Cooperative Multithreading

For information on threading in Thread-Per-Core (TPC) environments, see Thread-Per-Core (TPC).

Hazelcast doesn’t start a new thread for each concurrent task. Instead it uses a design similar to coroutines: the execution of a task can be suspended purely on the Java level. The underlying thread just goes on executing, returning control to the framework code that manages many coroutines on a single worker thread. We use this design in order to maximize CPU utilization. Two key factors contribute to this:

  • The overhead of context switching is much lower since the operating system’s thread scheduler is not involved.

  • The worker thread stays on the same core for longer periods, increasing CPU-cache hit-rate.

Tasklet

The key component is the Tasklet interface:

interface Tasklet {
    ProgressState call();
    ...
}

The execution engine repeatedly invokes call(), which is supposed to return in no more than 1 millisecond. The ProgressState result is a pair of booleans: (madeProgress, isDone). The former is used for CPU load control (to prevent a hot idle loop) and the latter signals the completion of the task. As long as the task keeps reporting "not done", Hazelcast will call it again. This is a simplified loop that Hazelcast runs:

while (true) {
    boolean madeProgress = false;
    for (Iterator<Tasklet> it = tasklets.iterator(); it.hasNext();) {
        ProgressState ps = it.next().call();
        if (ps.isDone) {
            it.remove();
        }
        madeProgress |= ps.madeProgress;
    }
    if (!madeProgress) {
        backOff();
    }
}

In the default setup Hazelcast runs the above loop on every CPU core.

Processor

The non-blocking API contract spreads to the Processor which implements the logic of a given DAG vertex:

interface Processor {
    void process(int ordinal, Inbox inbox);
    ...
}

ordinal identifies the input edge and inbox contains a batch of input data.
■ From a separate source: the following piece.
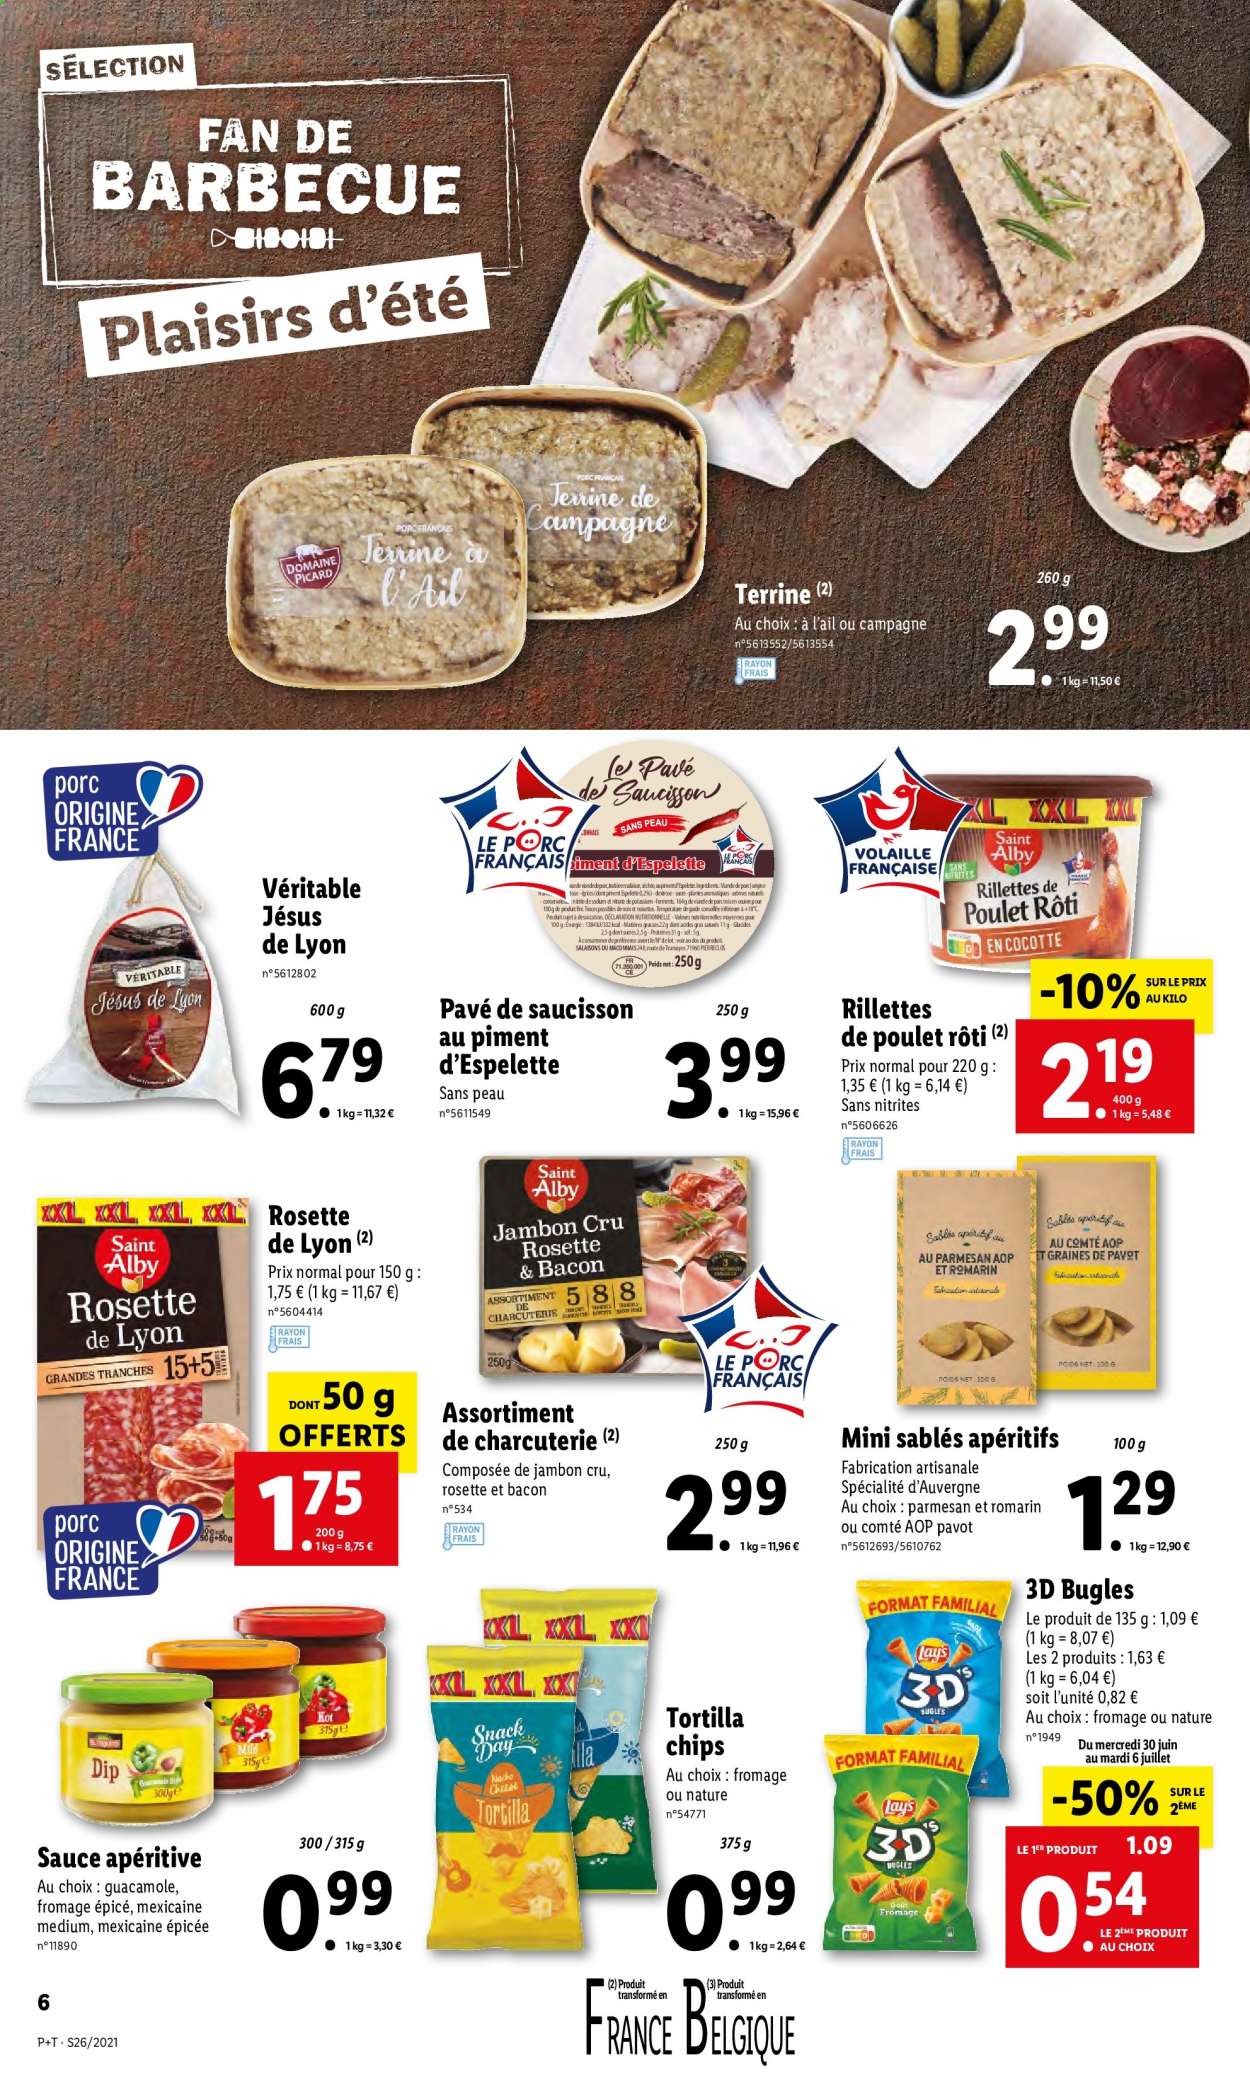 Catalogue Lidl - 30.06.2021 - 06.07.2021. Page 8.
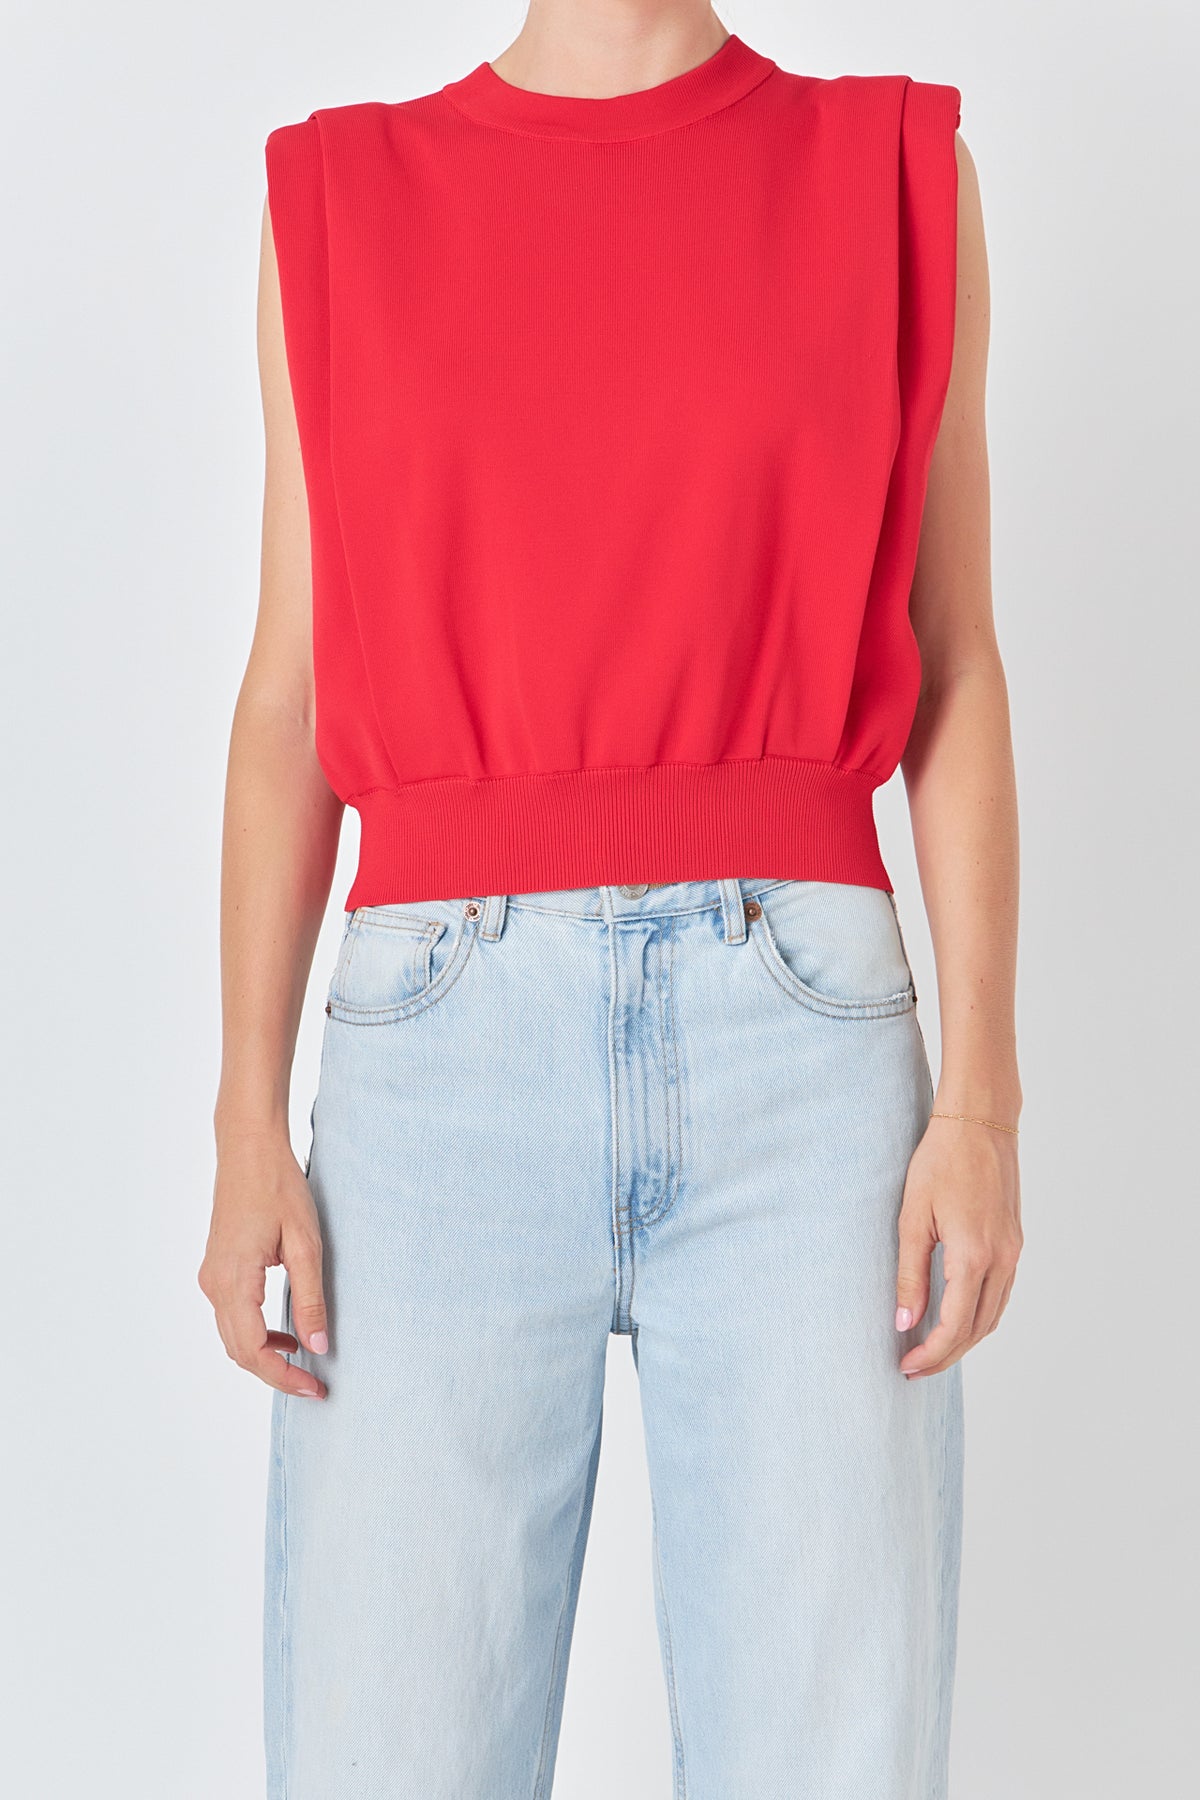 ENDLESS ROSE - Powder Shoulder Sleeveless Top - TOPS available at Objectrare

The tasklet keeps calling this method until it has consumed all the items from the inbox and then refills the inbox with more data (possibly from a different input edge).

The processor emits the data to the Outbox:

interface Outbox {
    boolean offer(int ordinal, @Nonnull Object item);
    ...
}

offer() is non-blocking, but will fail when the outbox is full, returning false. The processor will react to this by returning from its process() method, and then the tasklet returns from call(). The processor must preserve its state of computation so that it can resume where it left off the next time it’s called.

Traverser

In many cases the processor satisfies the non-blocking contract by creating a lazy sequence from the input and attaching transformation steps to it (akin to Kotlin sequences). The Jet API defines the Traverser<T> type for this purpose, an iterator-like object with just a single abstract method:

interface Traverser<T> {
    T next();
    ...
}

This lightweight contract allows us to implement Traverser with just a lambda expression. If you look at the source code of Jet engine, you may encounter quite complex code inside Traverser transforms. A good example is the SlidingWindowP processor.

At the ProcessorTasklet level we needed a full state machine implementation, basically implementing the CPS transformation by hand.